Dataset section —
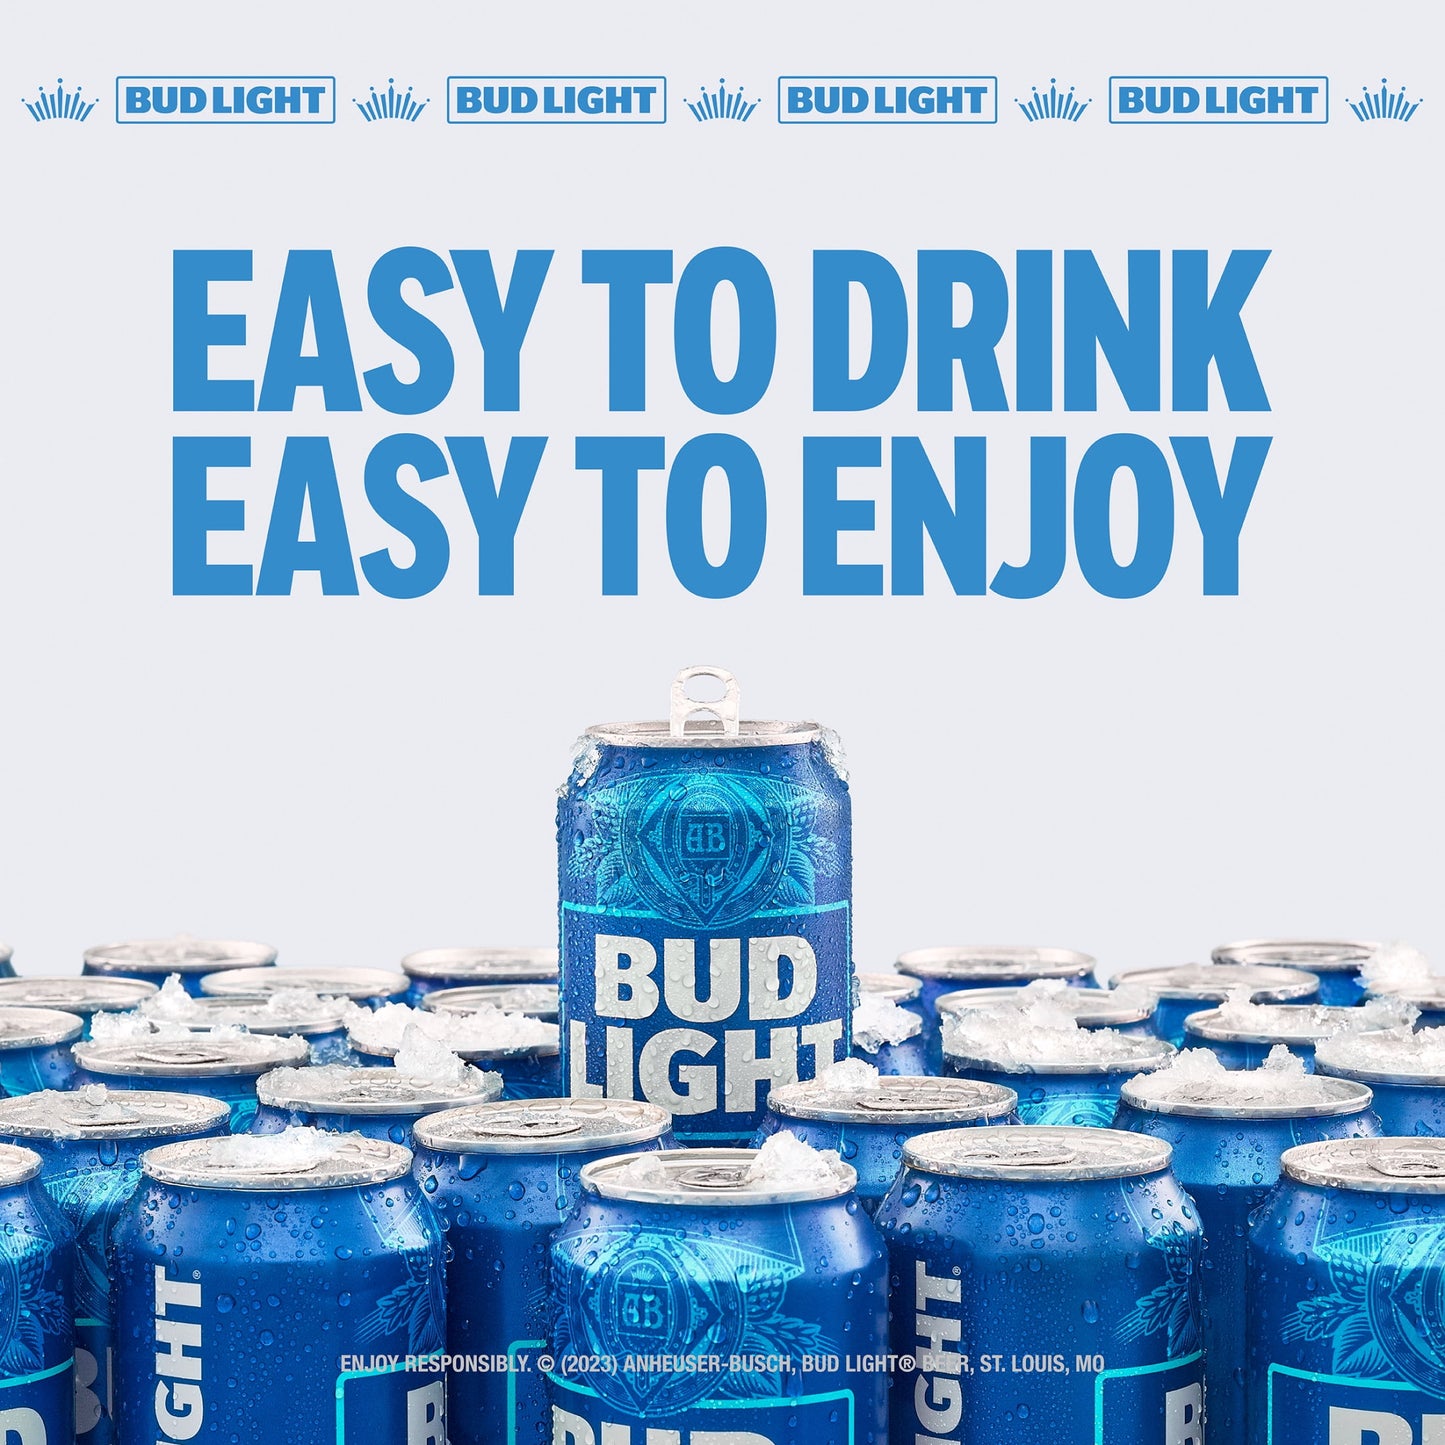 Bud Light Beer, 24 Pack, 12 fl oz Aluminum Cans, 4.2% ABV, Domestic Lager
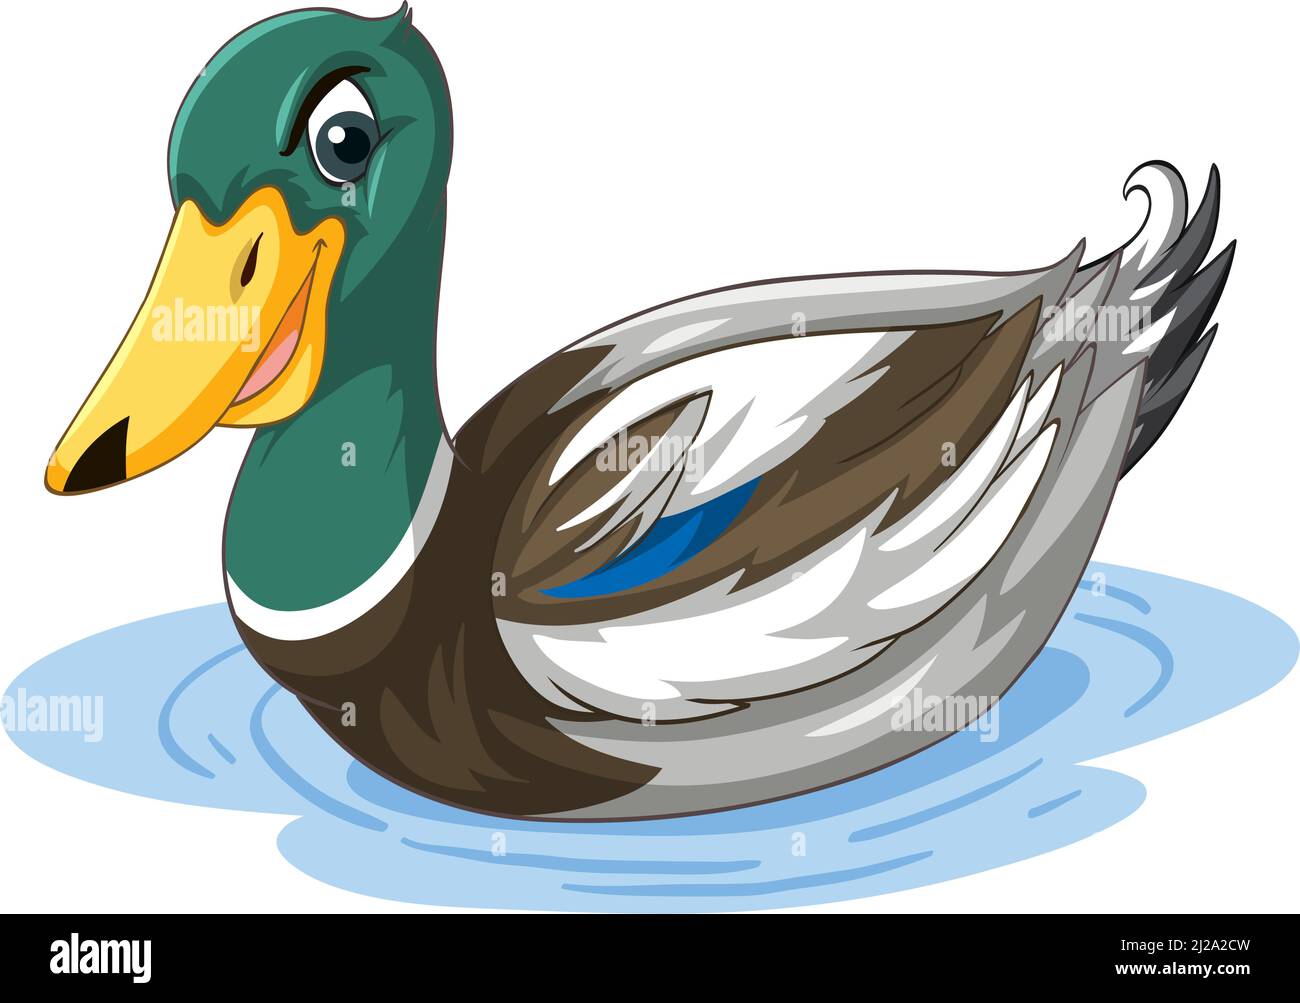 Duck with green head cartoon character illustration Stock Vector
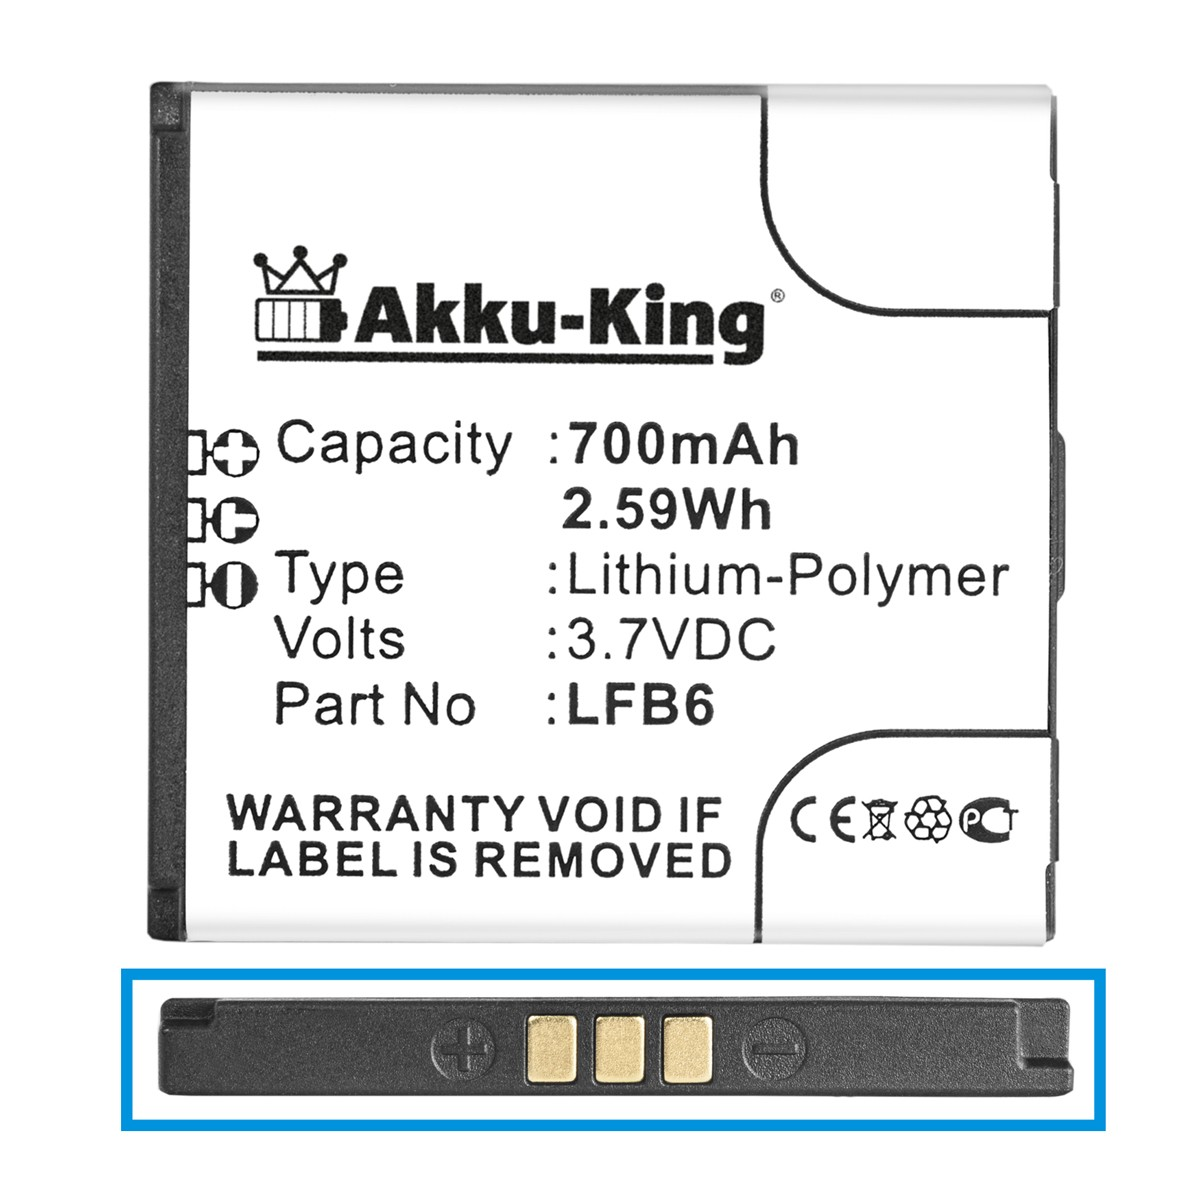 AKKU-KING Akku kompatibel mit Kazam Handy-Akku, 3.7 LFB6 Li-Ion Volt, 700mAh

Assignment —
Copy exactly the lines that run from the line containing "Duck with green" to the end of the data, keeping both end lines and dropping every picture.

Expected answer —
 Duck with green head cartoon character illustration Stock Vector
 AKKU-KING Akku kompatibel mit Kazam Handy-Akku, 3.7 LFB6 Li-Ion Volt, 700mAh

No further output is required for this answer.